In campaign finance reports, Hsu's companies are listed as: Next Components Ltd., Cool Planets Ltd., Because Men's Clothes, and Dilini Management. But none of the companies have online footprints or appear in fashion industry directories that I have searched. The only official recognition of any of these companies that I have found is Next Components, in the form of a filing for a certificate of corporation with the New York Department of State, Division of Corporations — but even that doesn't hold up to closer scrutiny. The filing was from May 6, 2005, and when I called the Division of Corporations, a representative there told me that the filing needed to be renewed every two years for a fee of $9, but Next Components never responded to the renewal notice.

 The filing lists 561 Seventh Ave., Suite 1301 as the address for Next Components, but I called Handro Properties, the management company that runs the building, and was told that not only have they never heard of Next Components, but "Suite 1301" doesn't even exist.

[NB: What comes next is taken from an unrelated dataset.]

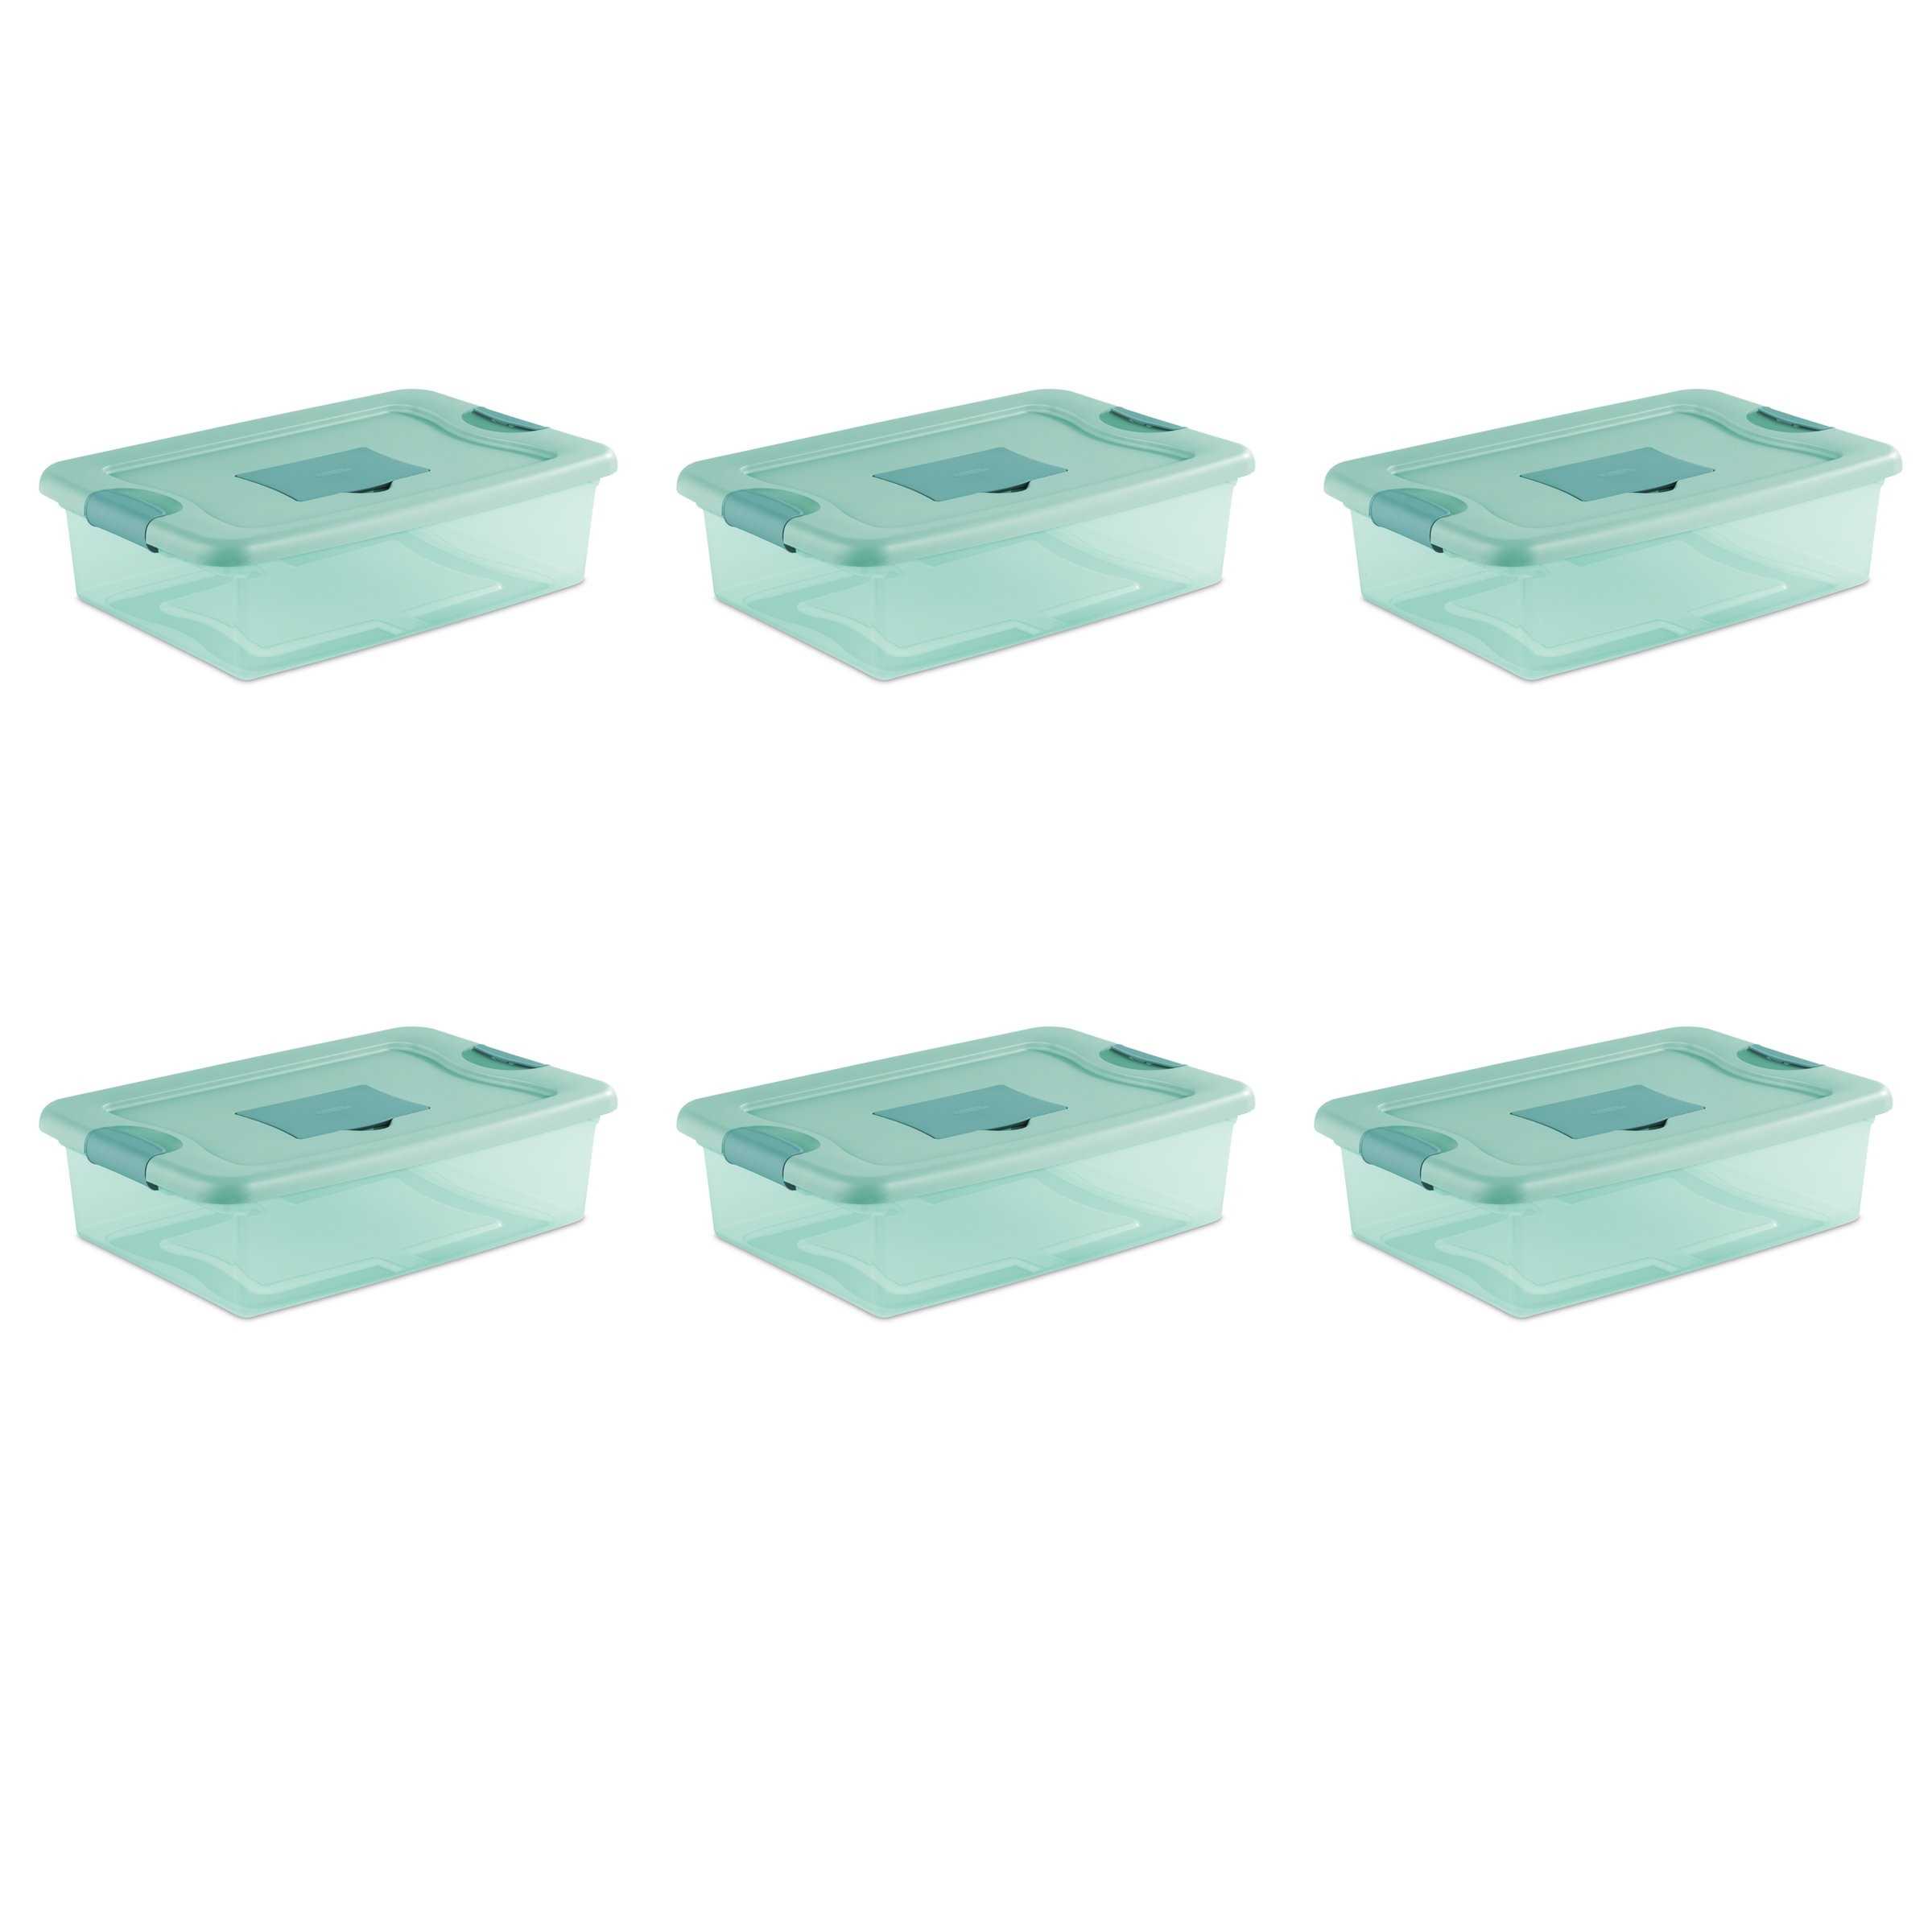 STERILITE 15067Y06 32 Qt, 30L Fresh Scent Box, Aqua Tent Base with Aqua Chrome Lid & Teal Splash Latches, 6-Pack by STERILITE

As I reported yesterday, it turns out that an address Hsu listed in his campaign finance filings—455 Fifth Ave.—is the site of the Mid-Manhattan Library. I had a friend of mine who is a real estate broker in New York look into yet another address he listed—160 Wooster St., Apt 3C. That apartment does exist and it's a luxury 2 bedroom that sold for $1.85 million in June of 2004. However, it was sold again for an undisclosed price on November 15, 2005, and FEC records show that Hsu made political donations from that address both before and after that date. So unless he sold the apartment to himself, it's another unusual piece to the rather bizarre puzzle that is Norman Hsu.

UPDATE: Blogger Flip Pidot, who has done some excellent posts following the Hsu money trail, writes in that the 455 Fifth Ave. address could have been a data entry/transcription error, because in other filings Hsu lists a 445 Fifth Ave. address, which is a legitimate apartment building. That could be a plausible explanation for why one of his addresses turned out to be the Mid-Manhattan Library.